▸ Excerpted records:
------------------------------------------------
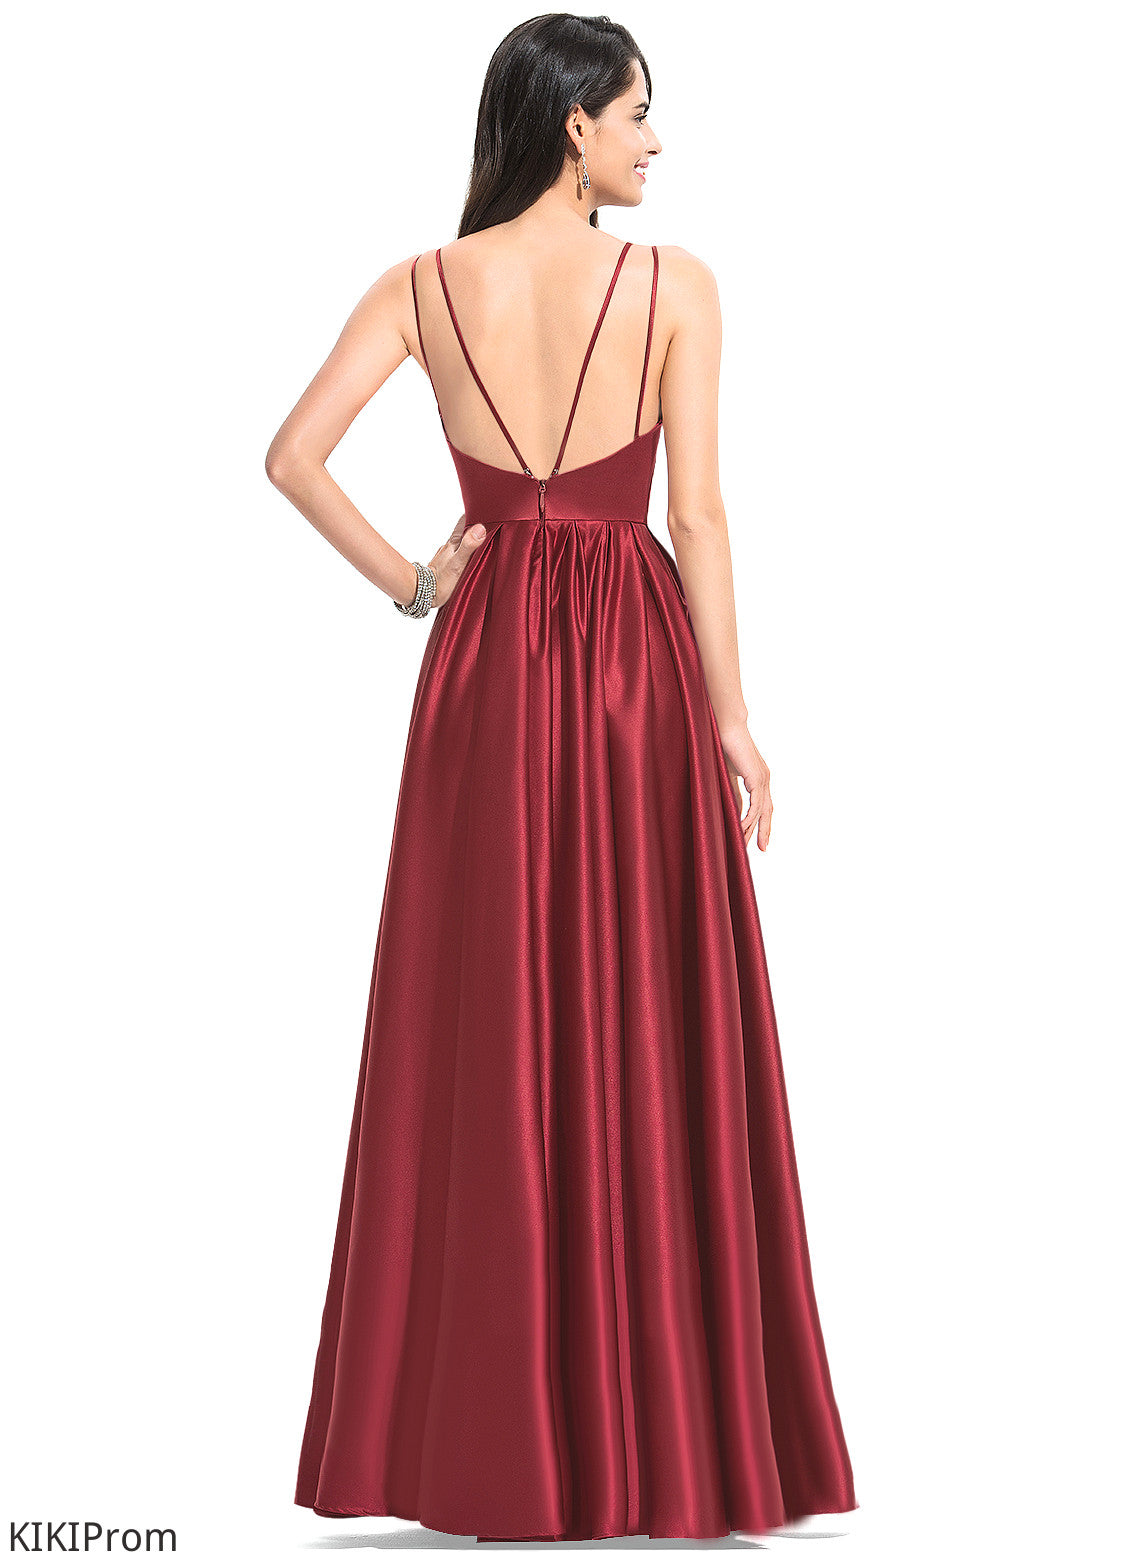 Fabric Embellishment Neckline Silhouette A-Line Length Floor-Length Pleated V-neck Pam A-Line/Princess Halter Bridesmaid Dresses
------------------------------------------------
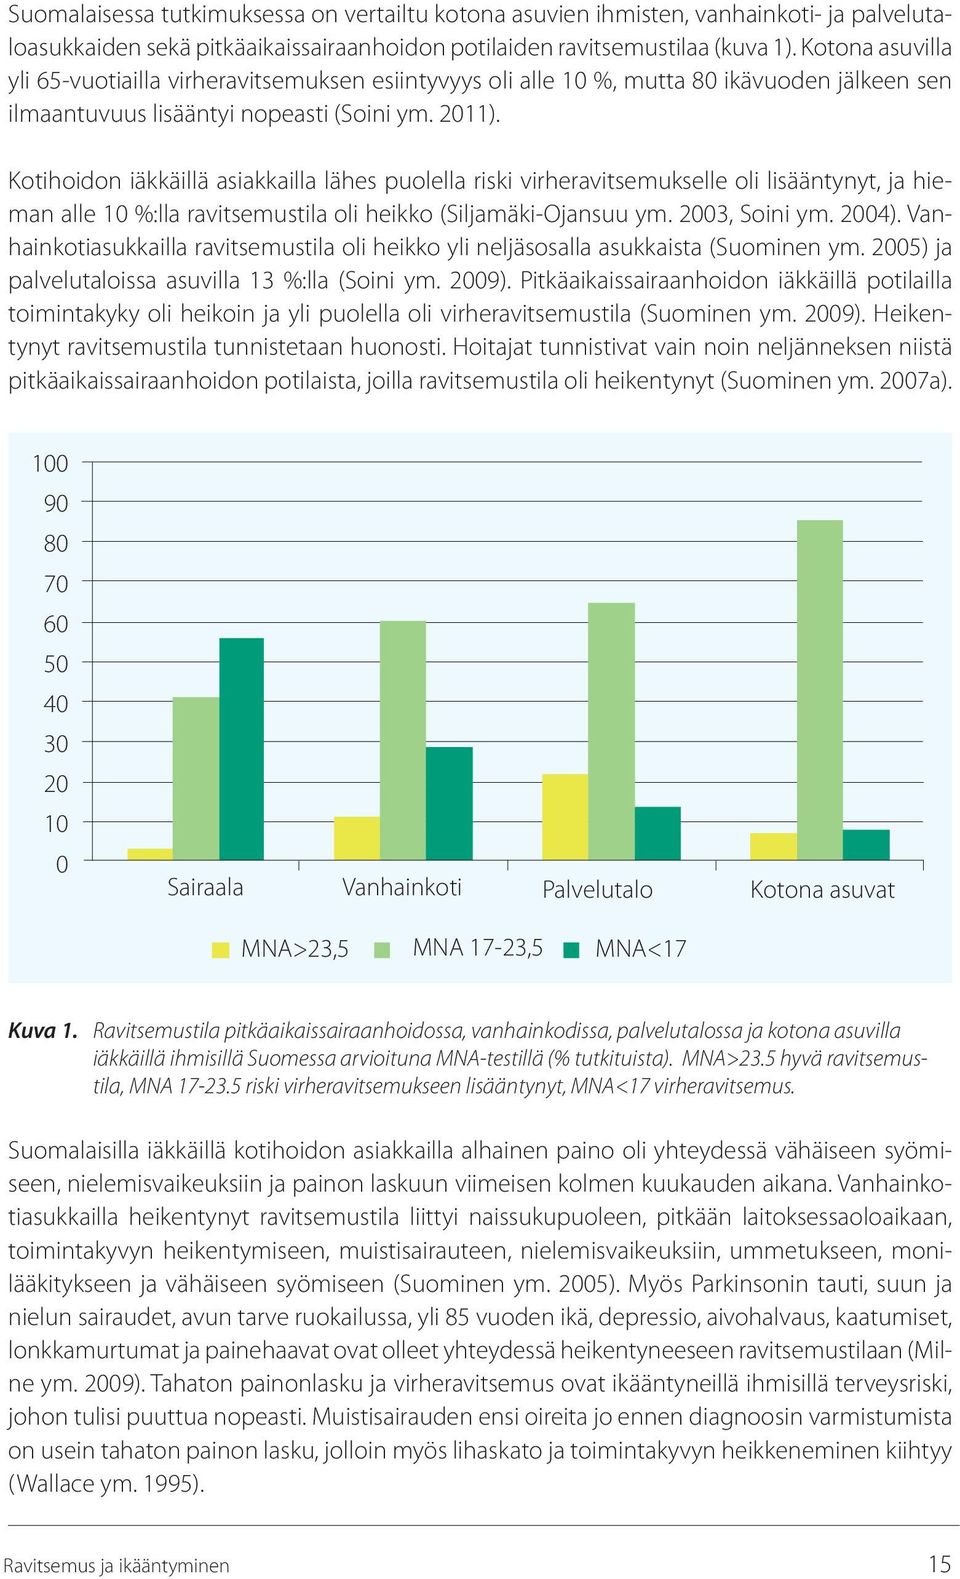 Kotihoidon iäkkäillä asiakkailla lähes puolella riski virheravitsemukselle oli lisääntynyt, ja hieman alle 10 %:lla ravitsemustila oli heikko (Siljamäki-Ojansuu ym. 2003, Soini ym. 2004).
------------------------------------------------
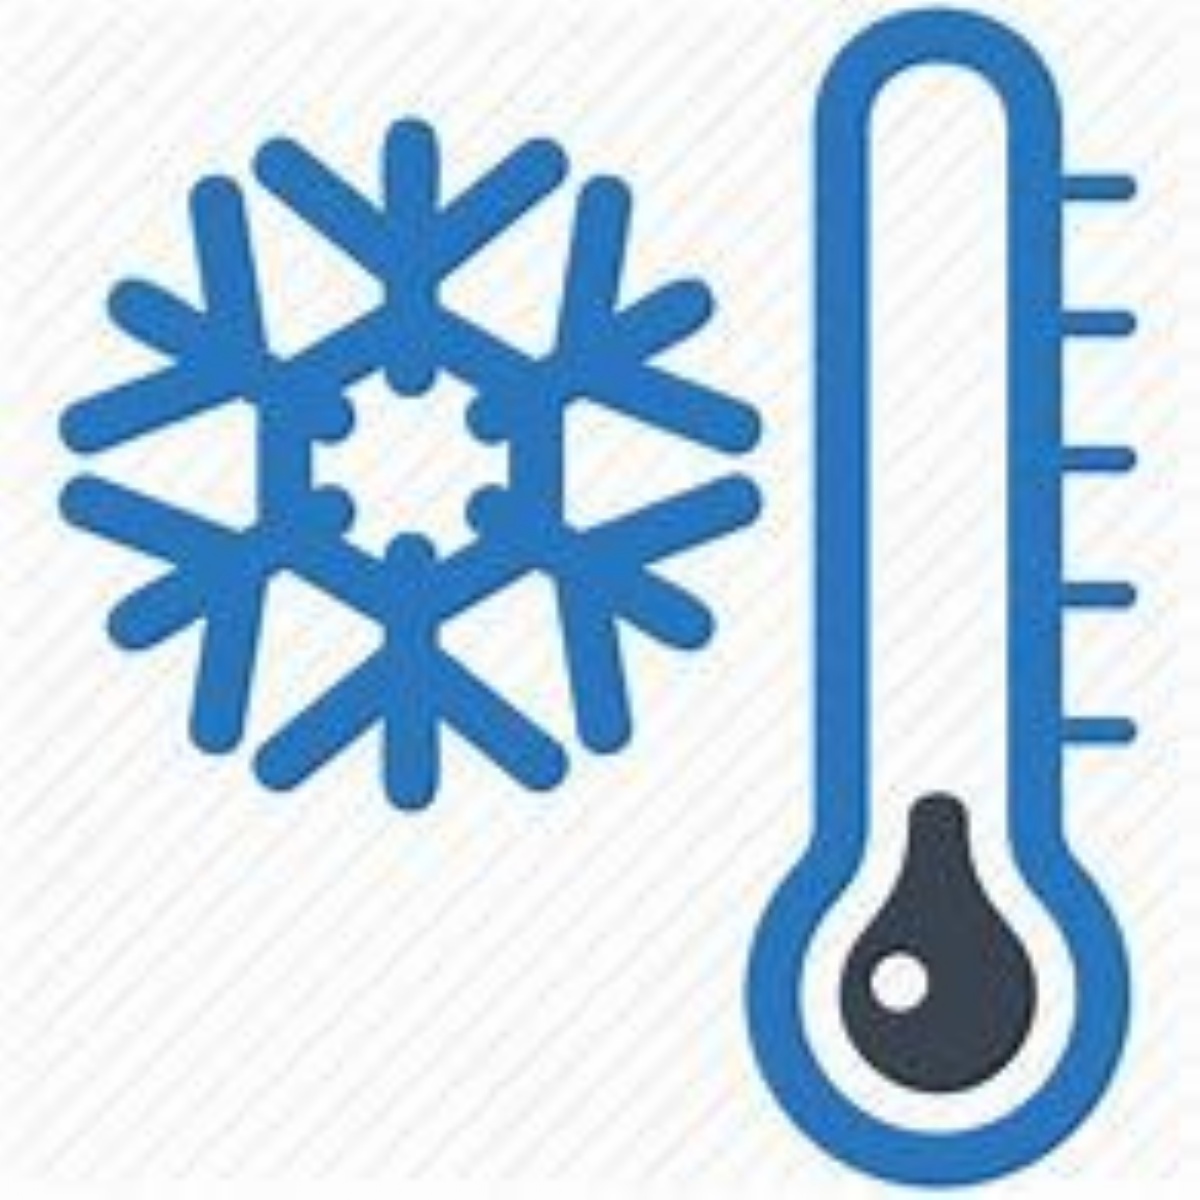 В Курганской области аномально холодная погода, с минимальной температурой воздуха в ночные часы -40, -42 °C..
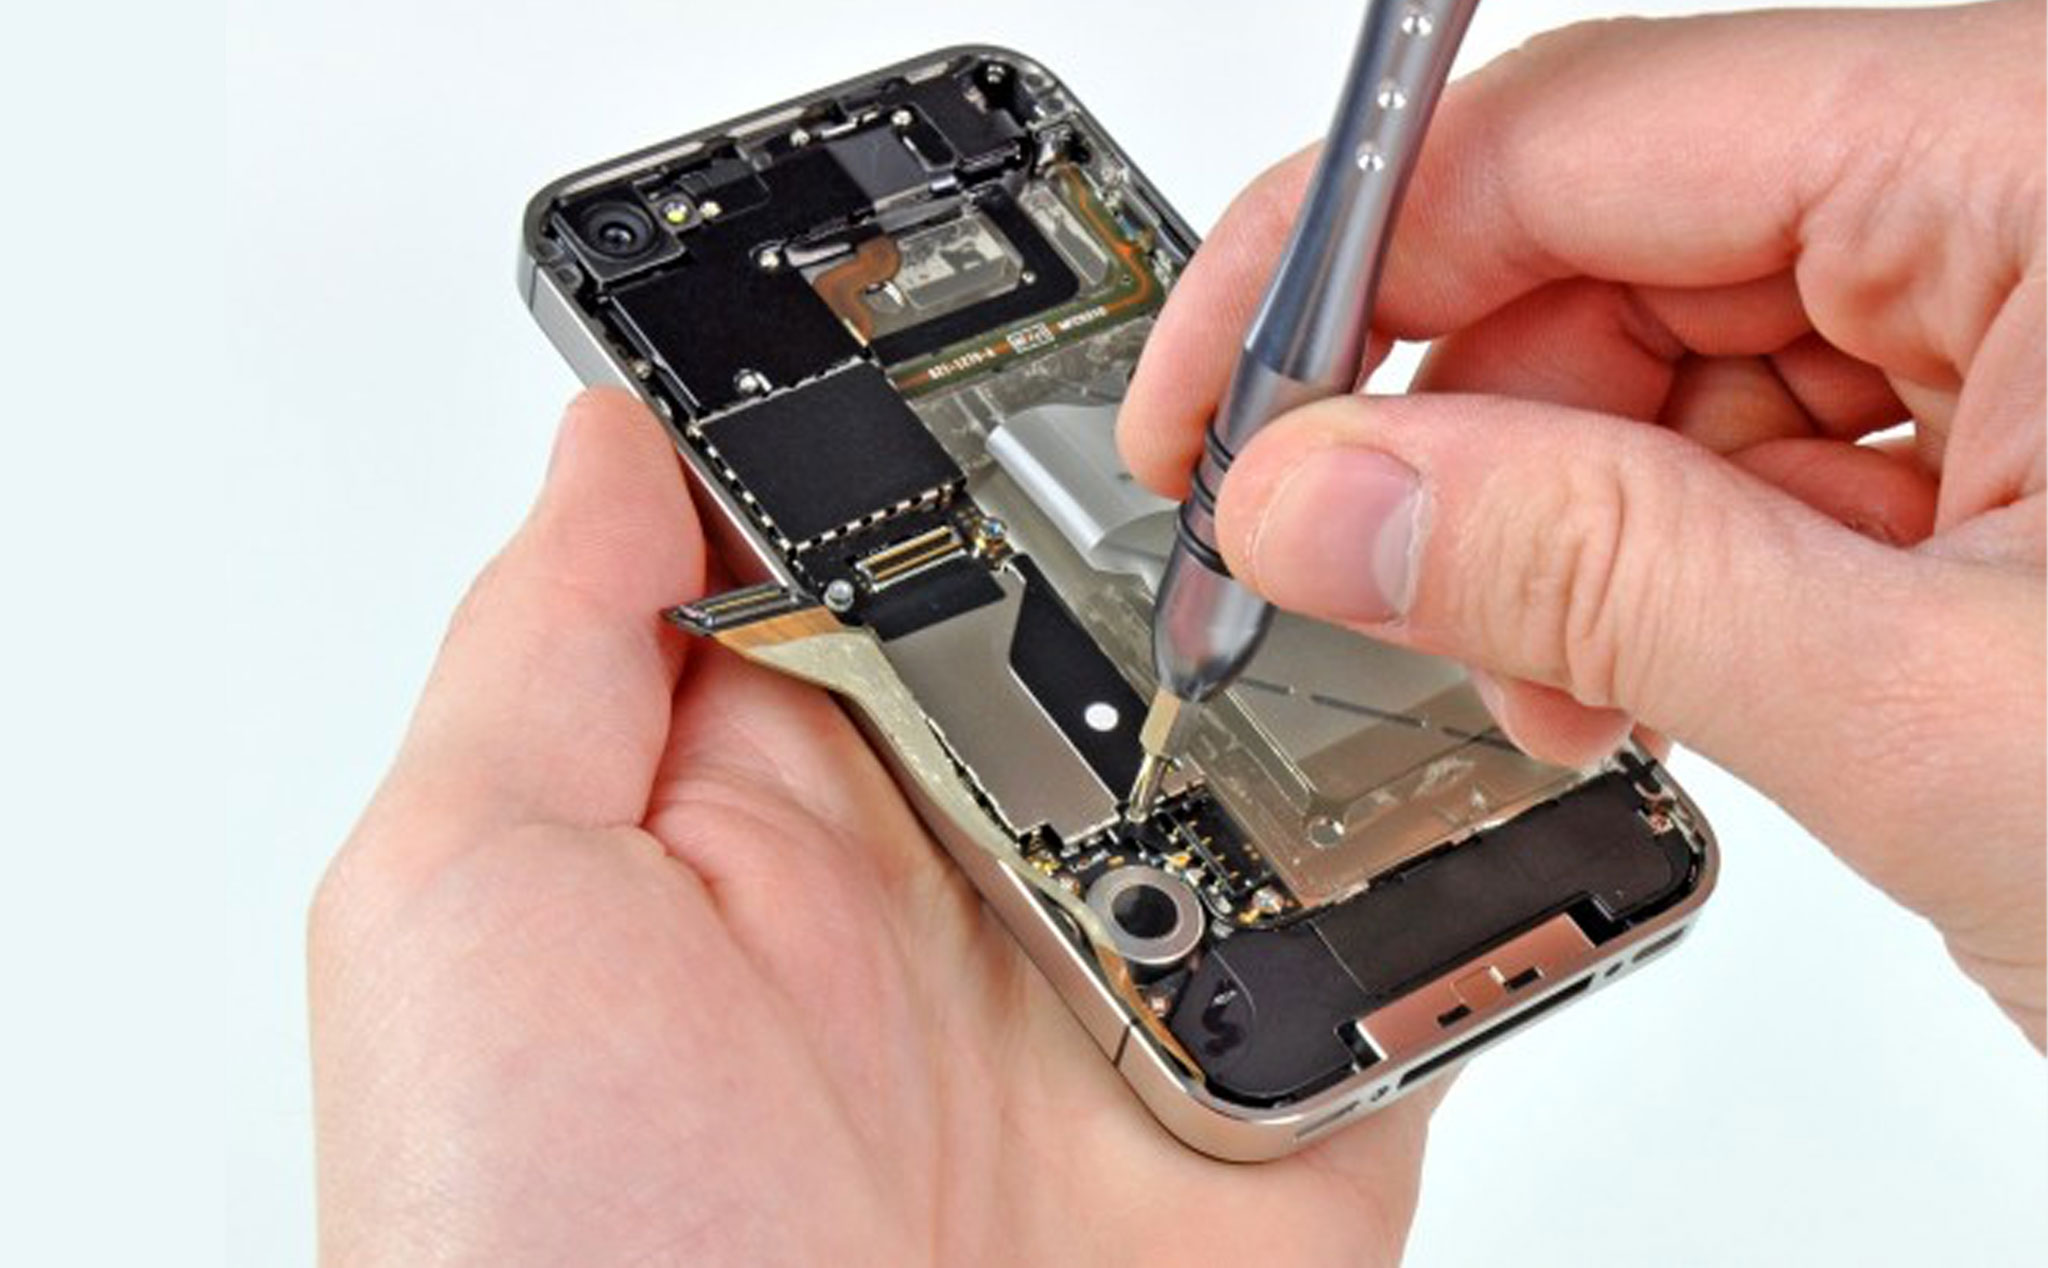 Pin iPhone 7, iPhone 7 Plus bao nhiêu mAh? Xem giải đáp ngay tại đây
------------------------------------------------
▸ Goal of the exercise:
Copy exactly the material above from the line with "В Курганской области" to the line with "Pin iPhone 7, iPhone", ends included, and nothing else. Leave out any picture.

▸ Solution to the exercise:
 В Курганской области аномально холодная погода, с минимальной температурой воздуха в ночные часы -40, -42 °C..
 Pin iPhone 7, iPhone 7 Plus bao nhiêu mAh? Xem giải đáp ngay tại đây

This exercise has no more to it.